# Saturday Morning on the Edge - "A" Team



## NoCatch (Apr 27, 2008)

Been awhile since I broke my wrist and been able to go fishen', but seas and weather looked good, so we hit Sherman Cove at 0500 and headed for the Edge.
Beautiful day and suds, initially the Mingo bite looked great when the 1st 3 we brought aboard were Mongos, but soon slowed and we managed about 20, a Queen Trigger, AJ, Sharks, and King added to the excitement as a dolphin played around the boat looking for handouts.
Predicted 1' seas soon developed in 3-4 footers and we headed in, getting beat up headed toward P'Cola Pass, but survived for another day.


----------



## NoCatch (Apr 27, 2008)

few more pics...ya know my routine!


----------



## Boat-Dude (Sep 24, 2011)

Awesome job fellas!! You all make it look easy.


----------



## fishboy (Oct 6, 2007)

Nice box of fish! It got snotty for sure, we fished the edge and trolled for a bit just past it, nice morning despite the seas.


----------



## fla_scout (Sep 28, 2007)

Good day for sure! We were out there as well and the current was ripping and the 1 footers were non-exsistent which made for a rough day. I was too busy to snap pics and the captain doesn’t do all that. Was going to take some pics this morning when we cleaned em all but forgot my phone. We managed 16 mingo with the bulk being mongo’s for sure, 6 white snapper and 4 scamp. Hit a couple spots on the way in in state waters and picked up 2 good triggers but were fighting off the snapper tooo much.

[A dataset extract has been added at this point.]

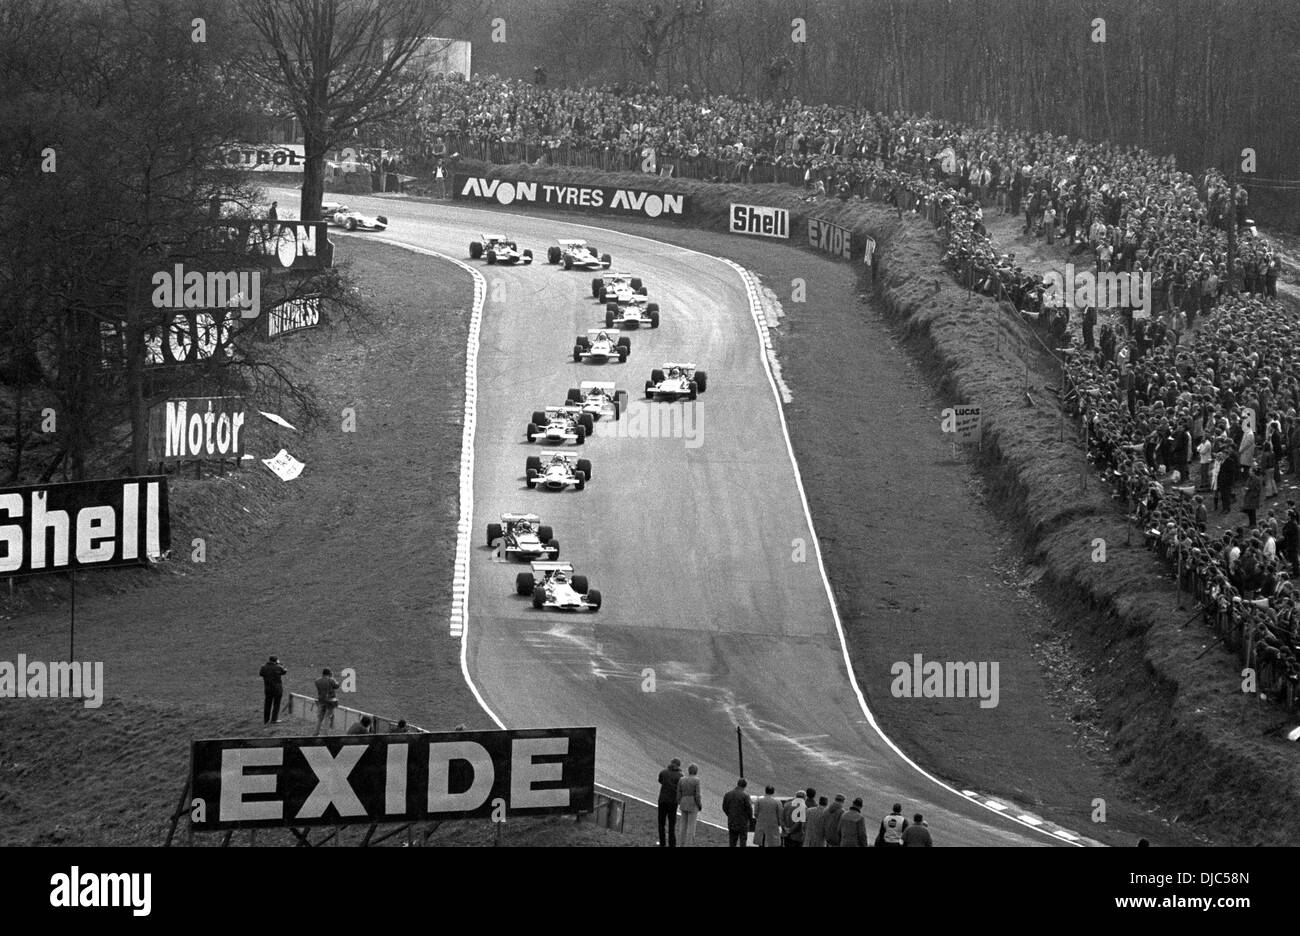 En bas de la colline du druide en bas Bend, la Course des Champions, Brands Hatch, Angleterre, 22 mars 1970. Banque D'Images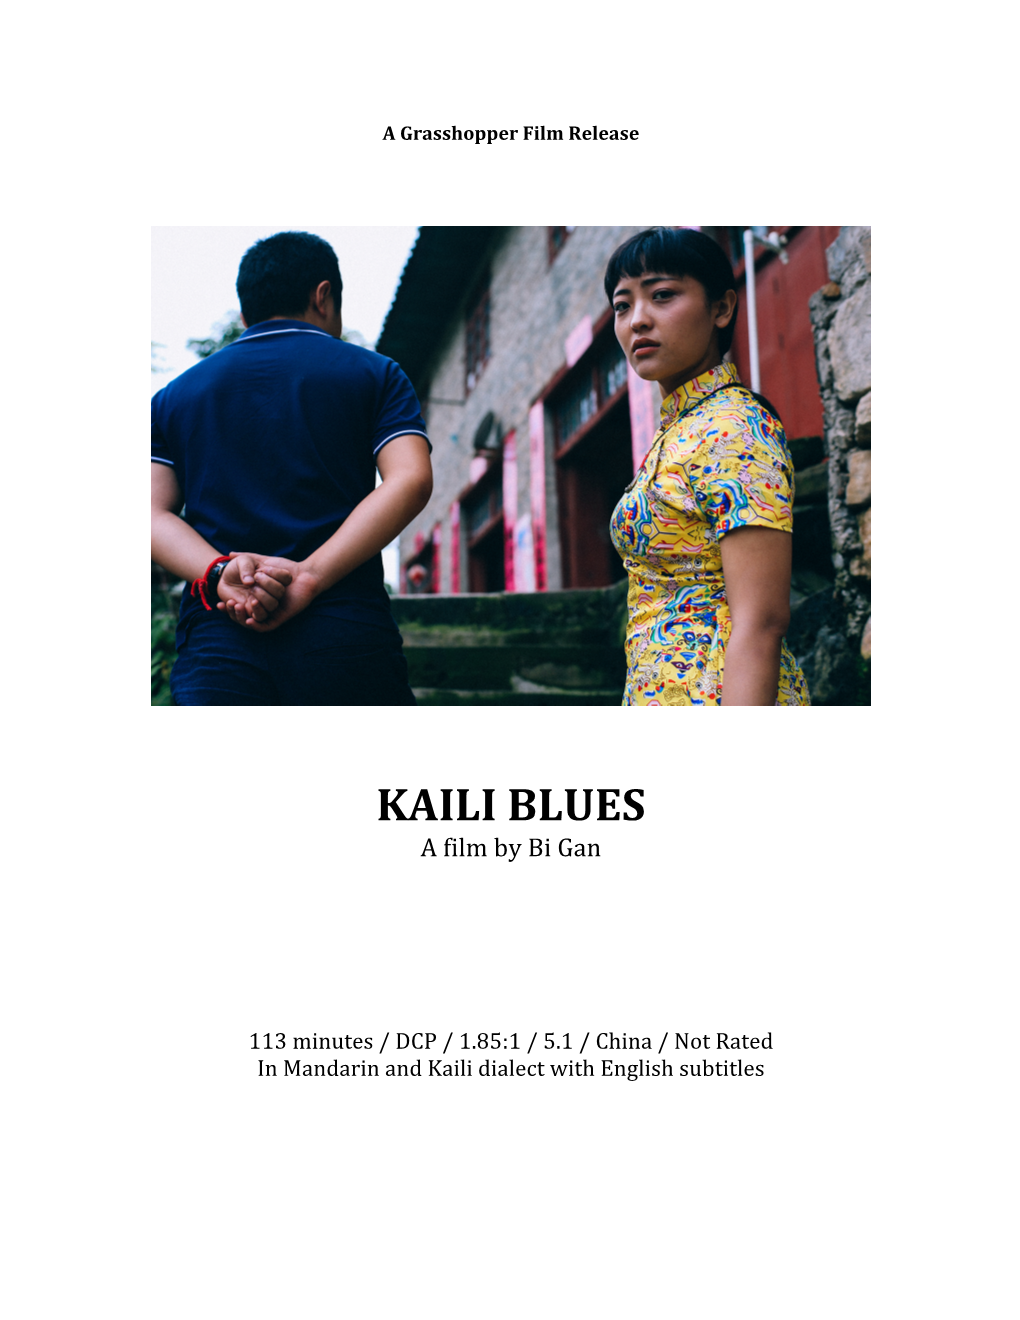 KAILI BLUES a Film by Bi Gan

Sharks got a lot of the fish and I couldn’t get a big grouper or something out from the rocks after I had him out initially. He just man handled me and took me back in and I was never able to get him out!

Slept good last night for sure!


----------



## bowdiddly (Jan 6, 2010)

I wanted to get out there as well but the seas were just a bit too rough for me. We hung around a little closer and caught some endangered ars and trophy triggers that went back in to fight another day, when we can keep them.


----------



## fla_scout (Sep 28, 2007)

You can keep triggers in state waters if you were close in. That is if you are recreational not a charter/headboat or reef fish permit holder. Confusing rules to say the least. Florida state waters not Alabama state waters just to be clear.


----------



## bowdiddly (Jan 6, 2010)

fla_scout said:


> You can keep triggers in state waters if you were close in. That is if you are recreational not a charter/headboat or reef fish permit holder. Confusing rules to say the least. Florida state waters not Alabama state waters just to be clear.


Unfortunately we were in fed waters when we caught the 20" triggers, FWC stopped by to visit with us as well.


----------